#### [Exercise inputs]
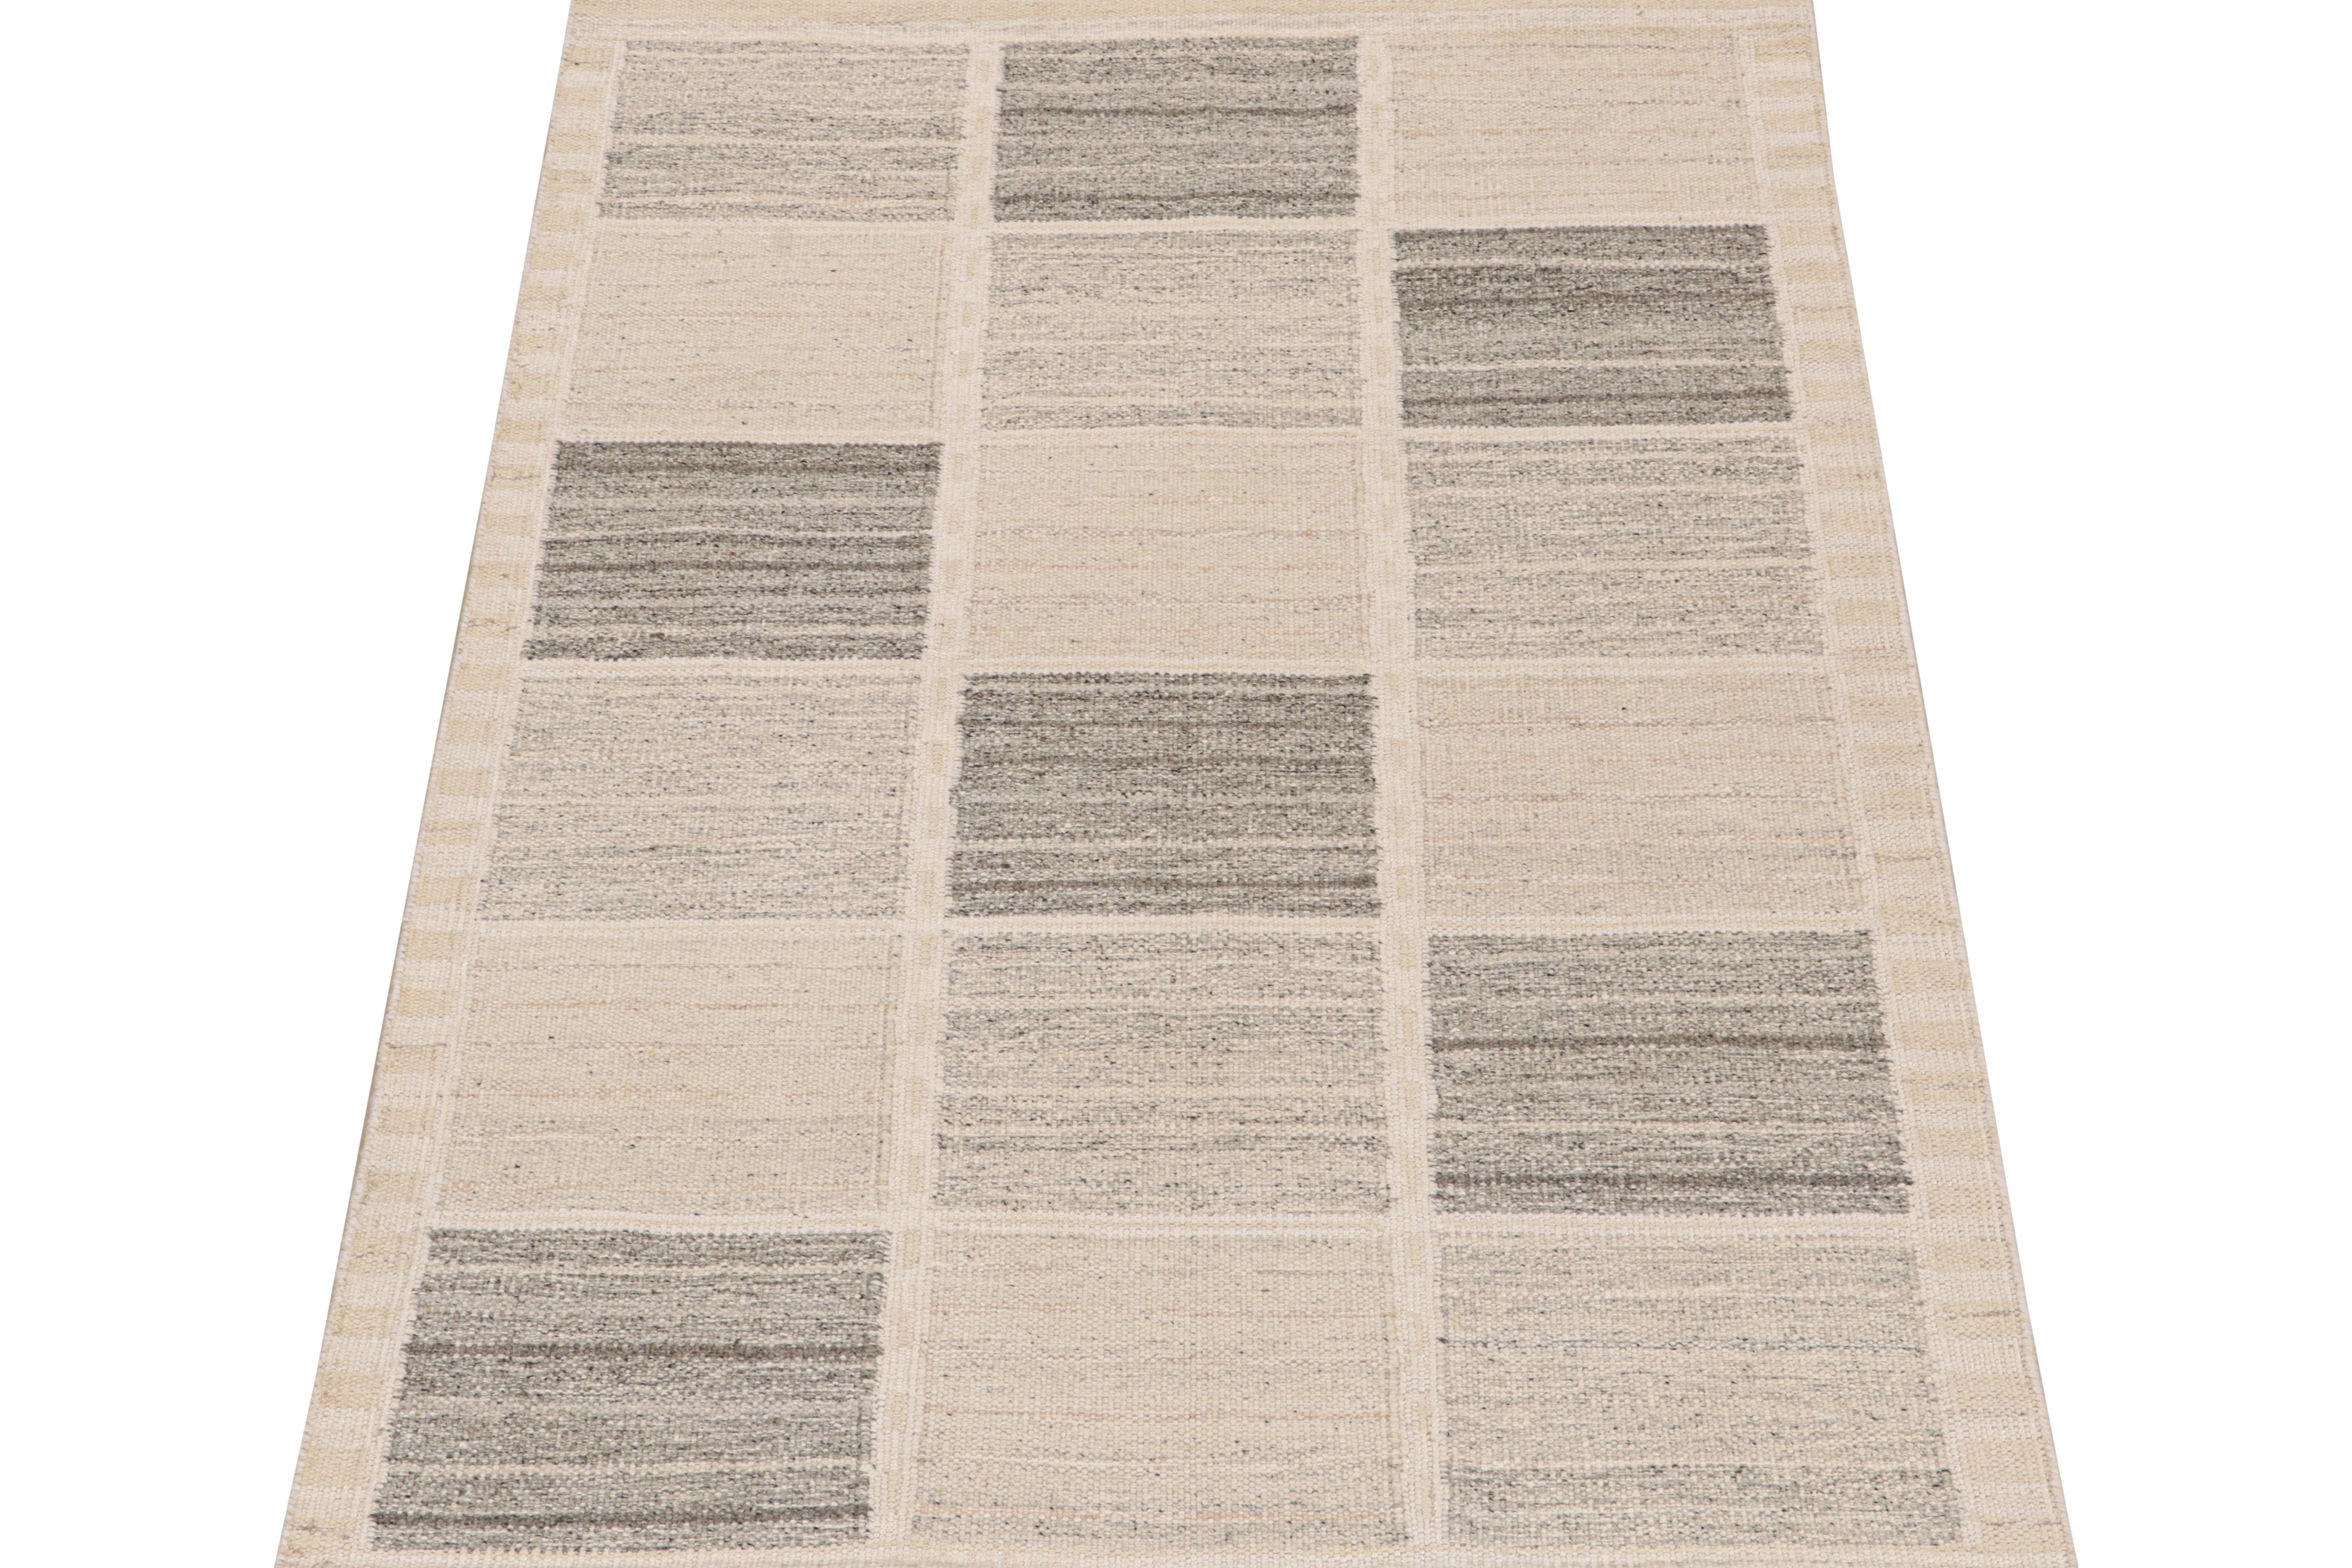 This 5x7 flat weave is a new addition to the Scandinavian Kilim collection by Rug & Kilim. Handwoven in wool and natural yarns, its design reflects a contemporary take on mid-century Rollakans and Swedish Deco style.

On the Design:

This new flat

...

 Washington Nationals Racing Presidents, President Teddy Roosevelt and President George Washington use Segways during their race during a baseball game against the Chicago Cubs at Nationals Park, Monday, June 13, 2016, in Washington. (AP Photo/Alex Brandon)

#### [Task]
The material above holds pictures; leave them out and set down exactly the lines from the line with "This 5x7 flat" to the line with "This new flat", both included.

#### [Result of this exercise]
 This 5x7 flat weave is a new addition to the Scandinavian Kilim collection by Rug & Kilim. Handwoven in wool and natural yarns, its design reflects a contemporary take on mid-century Rollakans and Swedish Deco style.

On the Design:

This new flat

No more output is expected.